3/8/26 - Attendance Isn’t About Sick Days — It’s About Predictability

Last week, we talked about the March reality check — when goals meet real life.

One of the first places that tension shows up?

Attendance.

By early March, patterns have formed:

  • Who calls out frequently

  • Who’s consistently late

  • Who picks up slack

  • Who quietly resents picking up slack

Cold and flu season may be winding down.
Spring Break requests are starting.
Summer PTO planning isn’t far behind.

If you don’t reset expectations now, you’ll be managing frustration all summer.

Focus Area 1: Illness Season Reveals Systems — Not Just Behavior

Every winter, leaders face legitimate illness absences.

That’s normal.

What’s more telling is what happens after:

  • Do patterns continue?

  • Are expectations clear?

  • Do you track consistently?

  • Are you treating similar situations similarly?

By March, you should be able to see whether you have:
A) A health season issue
or
B) A reliability issue

Those are not the same — and they shouldn’t be managed the same way.

Focus Area 2: Reliability Drives Morale More Than You Think

In small businesses especially, reliability equals trust.

When one employee:

  • Shows up late regularly

  • Calls out more than others

  • Swaps shifts irresponsibly

The real impact isn’t payroll.

It’s resentment.

High performers don’t burn out from work.
They burn out from unfairness.

If attendance expectations aren’t applied consistently, morale quietly erodes.

Focus Area 3: March Is the Window to Reset Before Summer

This is the ideal time to:

  • Clarify punctuality expectations.

  • Review how call-outs must be reported.

  • Remind the team how PTO requests are approved.

  • Revisit any “flexibility” you’ve been informally allowing.

If you wait until peak vacation season, every correction feels reactive.

Handled in March, it feels proactive.

Focus Area 4: Documentation Isn’t Punishment — It’s Pattern Recognition

If attendance patterns concern you, now is the time to:

  • Track objectively.

  • Have calm, factual conversations.

  • Reinforce expectations before peak demand season.

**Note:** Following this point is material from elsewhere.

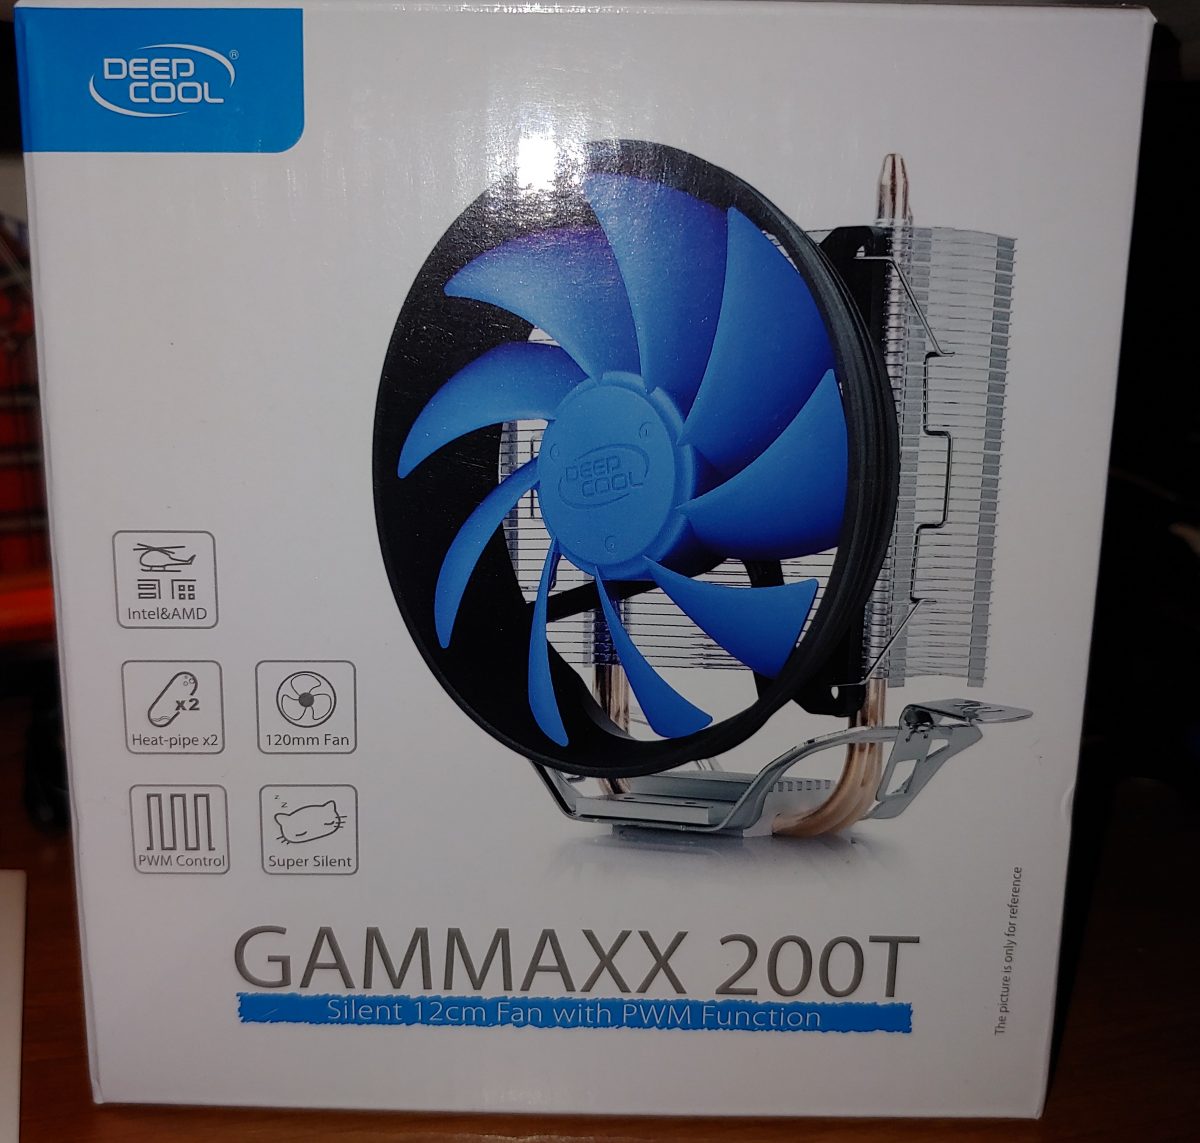 GAMMAXX 200T

This isn’t about cracking down.

It’s about making expectations predictable so your team can rely on each other.

Consistency reduces drama.

How This Connects

Last week was about recalibrating goals and leadership direction.

This week is about recalibrating reliability — because execution depends on presence.

You can’t hit Q1 or Q2 goals if your team’s attendance culture is unclear.

And once summer hits, it’s too late to pretend you didn’t see the pattern forming.

Looking Ahead

Next week, we’ll talk about how to build a clear PTO framework before summer requests overwhelm you — including common mistakes small businesses make when trying to be “flexible.”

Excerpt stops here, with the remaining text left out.